# DATASET SECTION:
--*--
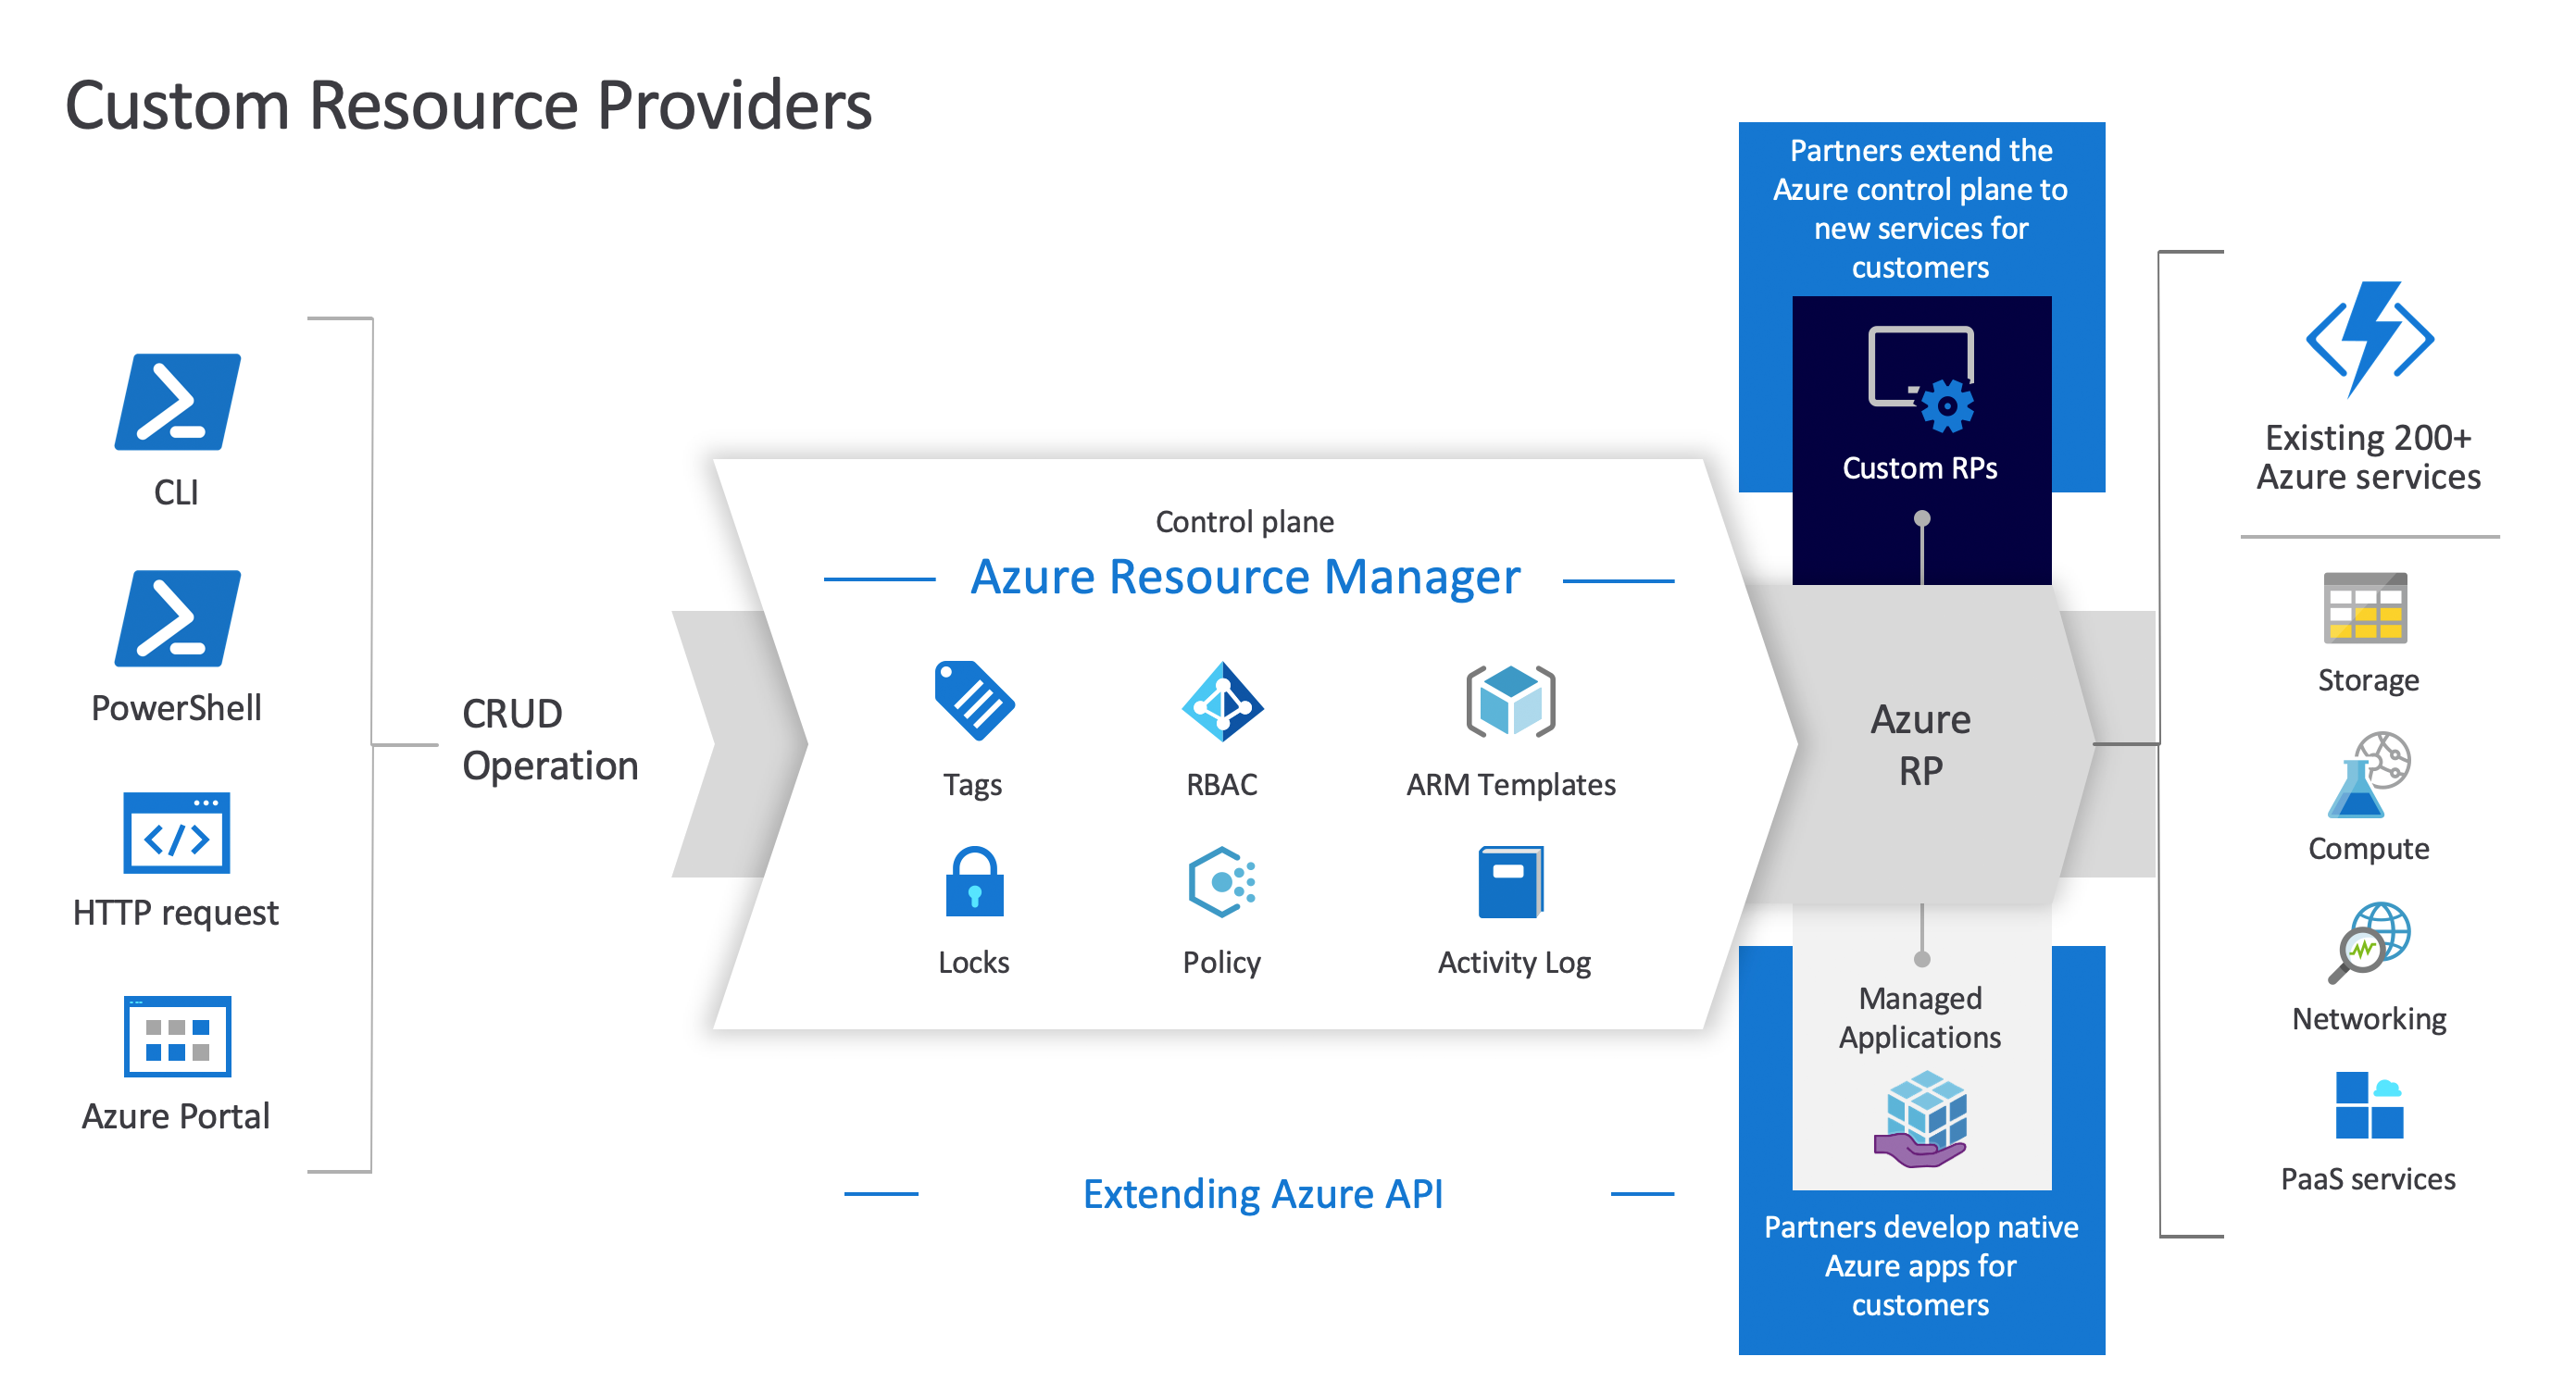 Diagrama dos Provedores de Recursos Personalizados do Azure, exibindo a relação entre o Azure Resource Manager, os provedores de recursos personalizados e os recursos.
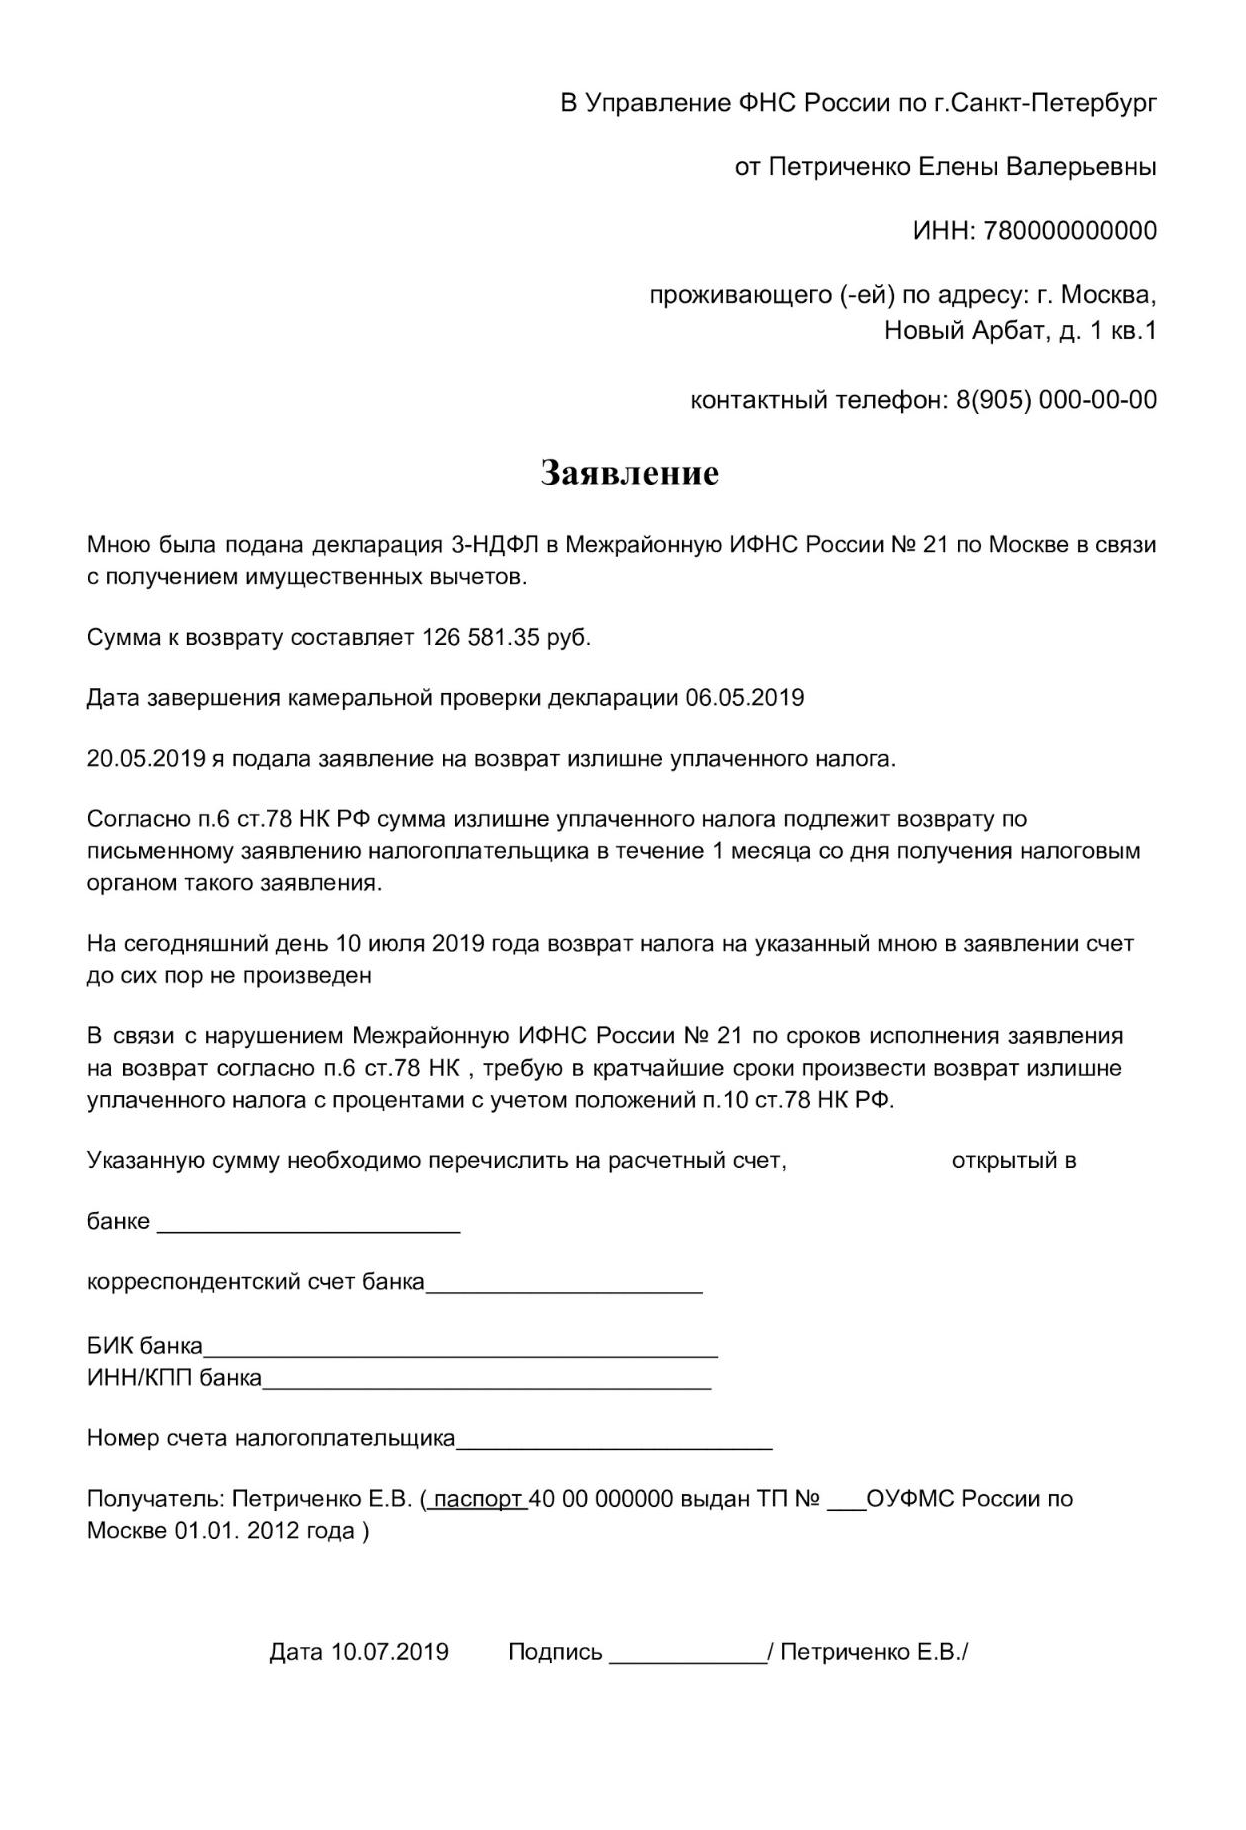 Я хочу получить налоговое уведомление и квитанцию | ФНС России | 77 город Москва
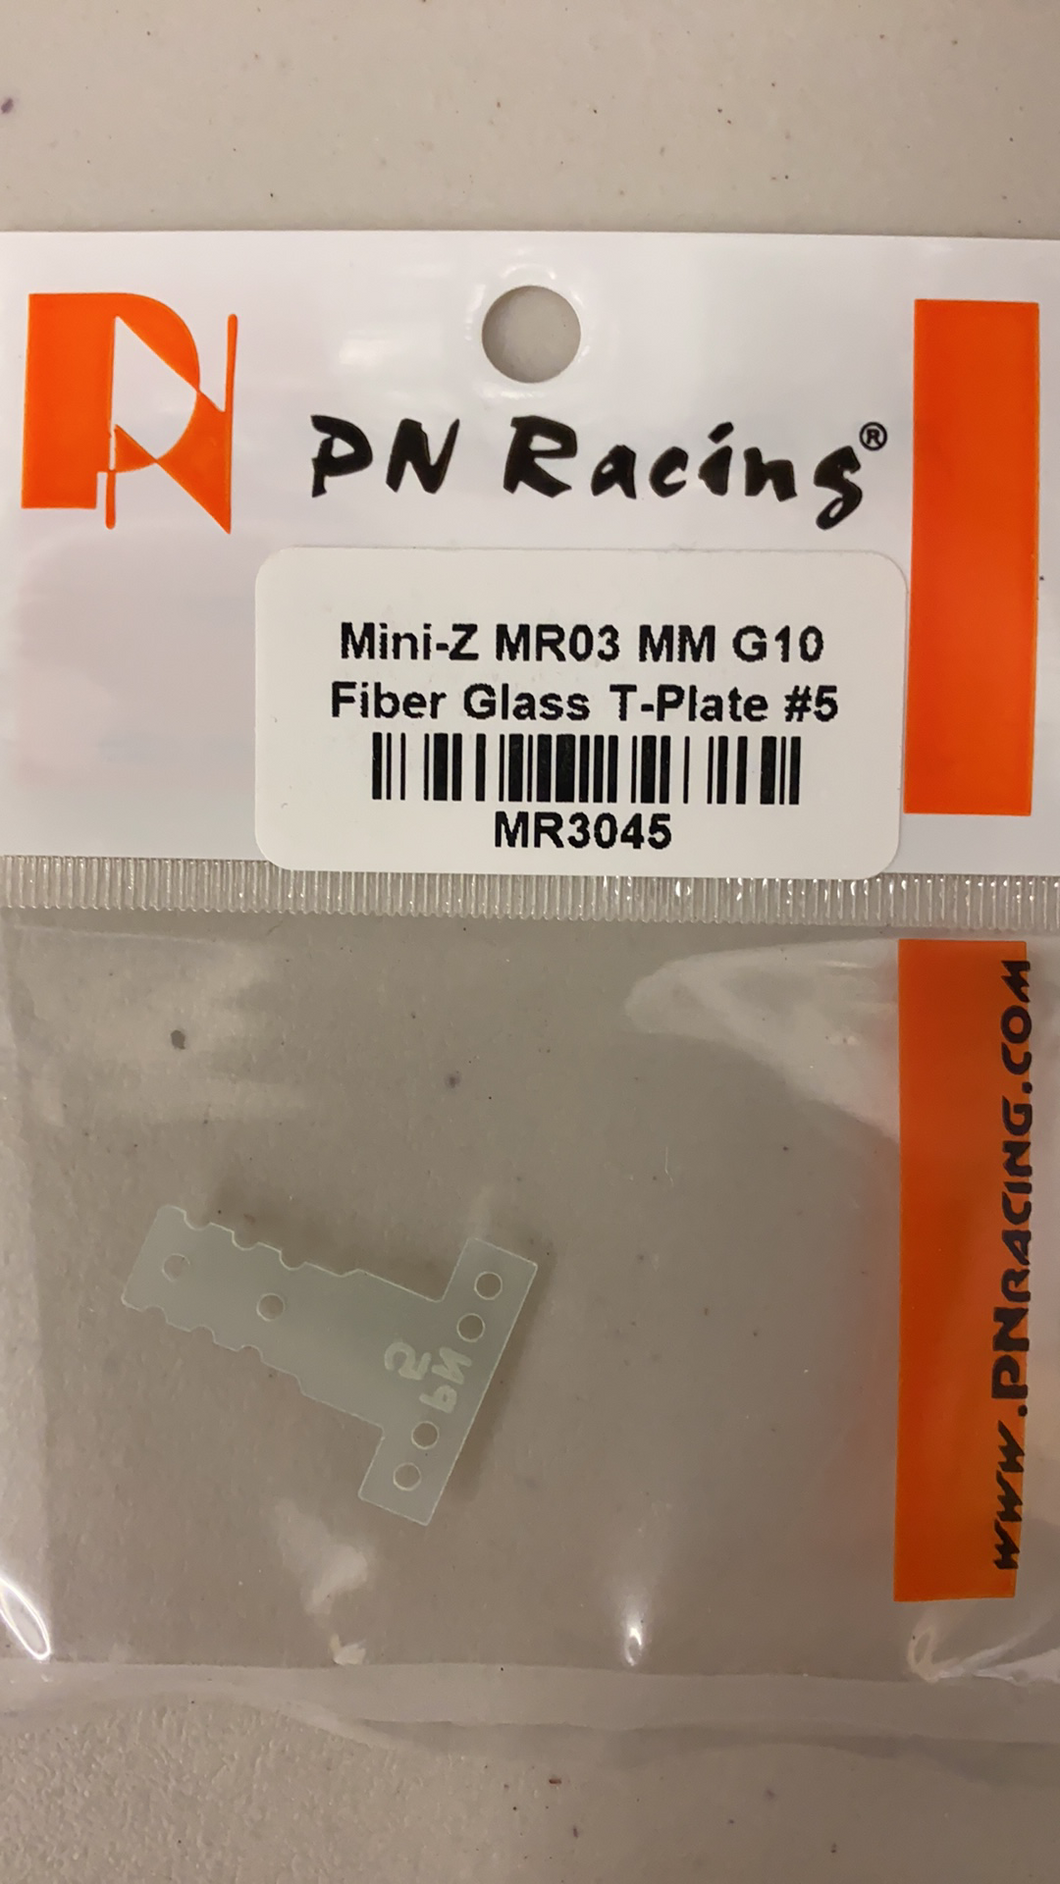 MR3045 PN Racing Mini-Z MR03 MM G10 Fiber Glass T-Plate #5
--*--
# BRIEF:
Each line above is to be repeated exactly as written; no picture is carried over.

# RESULT:
 Diagrama dos Provedores de Recursos Personalizados do Azure, exibindo a relação entre o Azure Resource Manager, os provedores de recursos personalizados e os recursos.
 Я хочу получить налоговое уведомление и квитанцию | ФНС России | 77 город Москва
 MR3045 PN Racing Mini-Z MR03 MM G10 Fiber Glass T-Plate #5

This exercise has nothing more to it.